La cultura pasa a ser considerada artículo de lujo o antigualla, innecesaria
para el desempeño de los jóvenes. La figura de persona culta dilapida su
antiguo prestigio e, incluso, pasa a formar parte de un nuevo paradigma con algunos
rasgos de analfabetismo funcional.
El Parlamento Nacional ya no es el órgano
que atiende e impulsa los intereses de los ciudadanos; lo suple una institución
que se consolida públicamente en términos de protesta. Los gobiernos de
diferentes signos y que se alternan en el poder en el siglo XXI se clasifican
como conservadores o progresistas, aunque todos no siguen otro camino que no
fuera el de atenerse al mismo esquema económico y social estándar que cabe a
los países de la región. Aumentan la incertidumbre y la desconfianza, y el país
se divide en los que aprueban y en los que desaprueban todo. Esa simplificación
facilita el desentendimiento y la agresividad en las relaciones entre adversarios
políticos. Prospera cierta indiferencia ante la educación, pérdida de fe en el
trabajo, cono factor en la formación ética, y se prefieren el trámite rápido y
el empleo fácil. Hay consenso en cuanto a que tiene que cambiar la educación; pero
¿en qué tiene que cambiar?
CAMBIO ESPIRITUAL
Los méritos personales resultan factores intrascendentes
frente a lo que se recibe ya hecho, del todo facilitador y utilitario y no
exige gasto ni esfuerzo. Lo propio se vuelve caduco, y es adoptado lo ajeno,
incluso las ideas y el fenómeno espiritual que producen los sentimientos. El
régimen político democrático felizmente auspicia la libertad y permite elegir,
una acción fundamental por la que no sólo se eligen los gobernantes, sino que,
y ante todo, se define el destino de la persona y su moral.

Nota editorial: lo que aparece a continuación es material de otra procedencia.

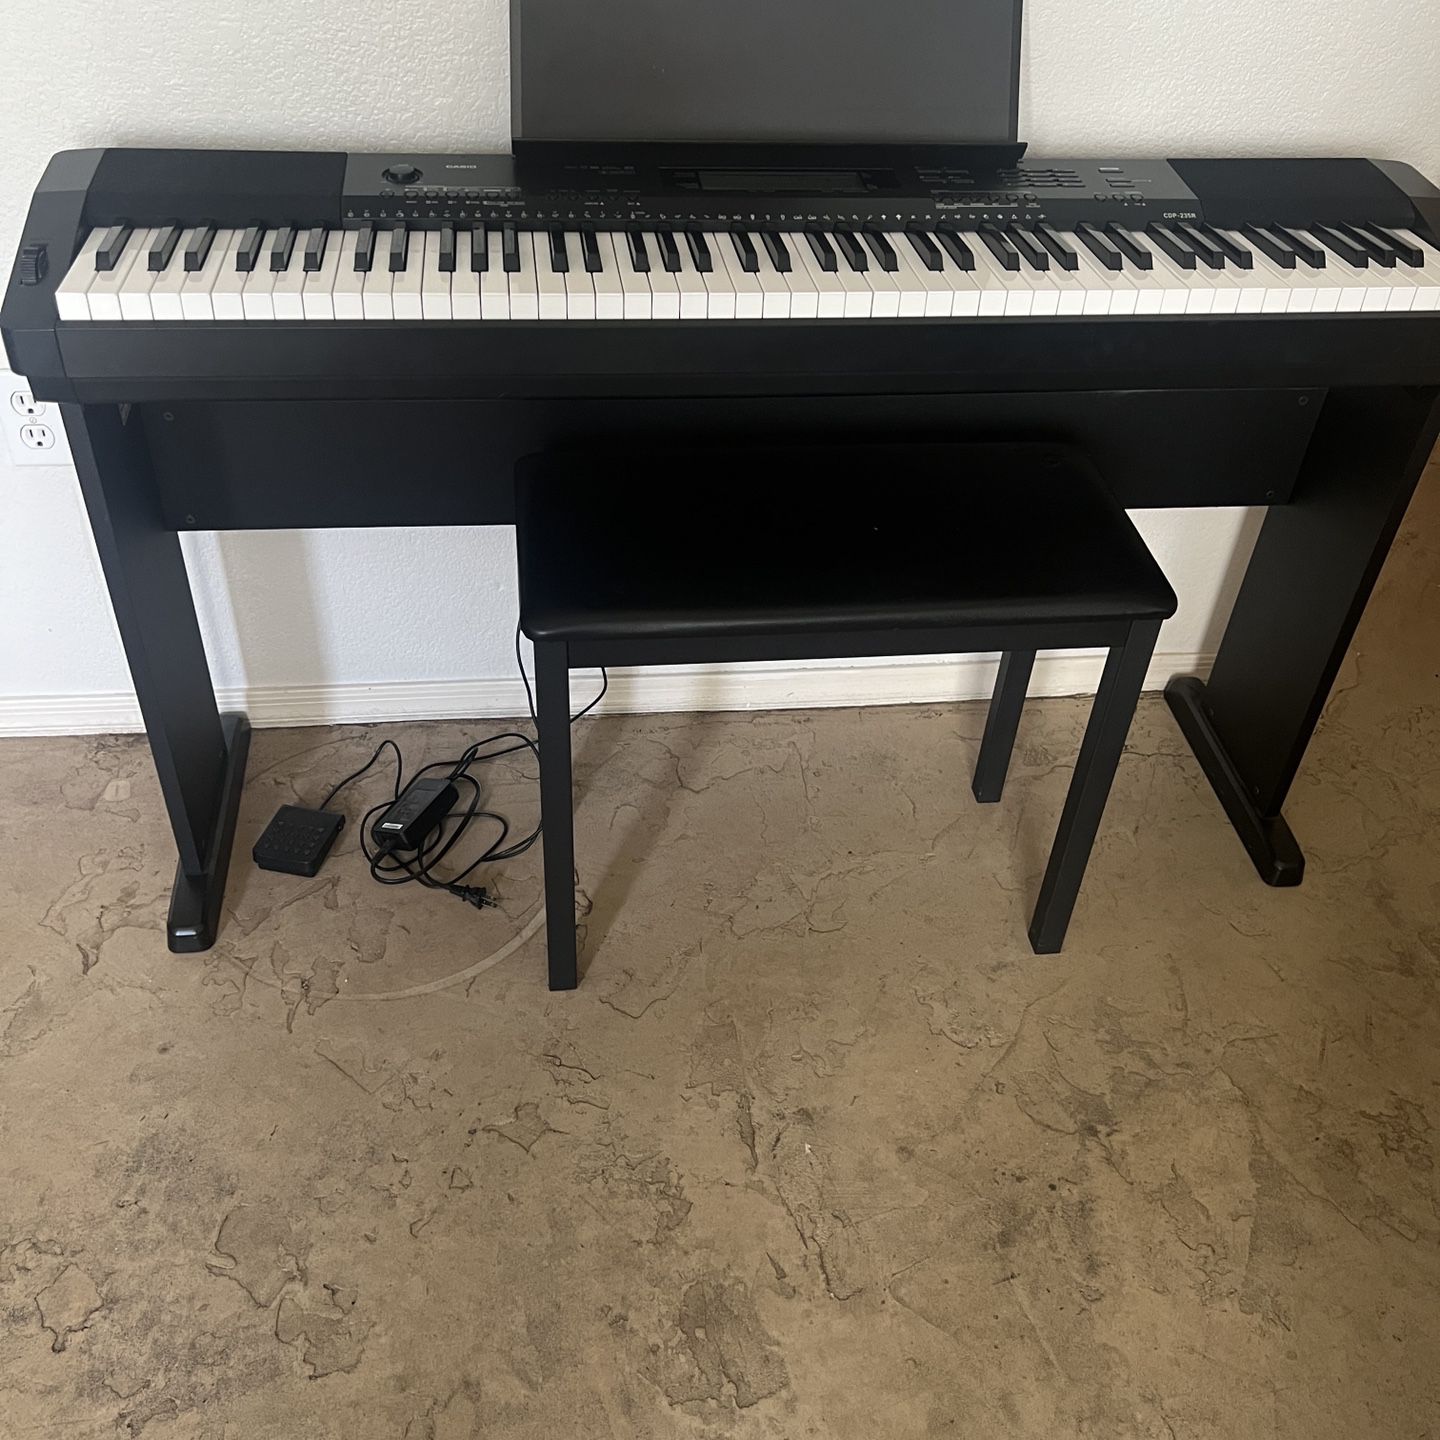 CDP-235R 88 Key Piano- With Sustain Pedal, Wood Stand And Padded Bench for Sale in Scottsdale, AZ - OfferUp

Contribuye en este fenómeno colectivo la
fragilidad y pobreza de la cultura y el enmohecimiento del raciocinio. Se suman
las insuficiencias del orden social y económico, los problemas, las anomias, el
contagio enajenante de la globalización y la imitación irreflexiva. Se
prescinde así de toda posibilidad de enriquecimiento personal y se impone un
cada vez más arraigado patrón ético, estético y axiológico vulgar, que pierde
la originalidad que alguna vez caracterizó a la cultura propia.
En
torno a la ambición por la cual muchos optan por la vocación política, cobra un
predominante papel la palabra, la misma que ha servido para enaltecer el arte y
la cultura. Se convierte en el instrumento constructivo de una realidad que en
verdad no existe. Como secuela de una embargante e incontrolada libertad de
conciencia, el lenguaje vacío de contenido, usual en las declaraciones y
discursos, produce una imagen aparentemente real de ciertas figuras públicas y
de ciertos valores y conquistas que no tienen otra realidad que la de los
significados encomiables y las referencias del todo simbólicas que en otros
tiempos se conocía bajo la denominación “lenguaje de madera”.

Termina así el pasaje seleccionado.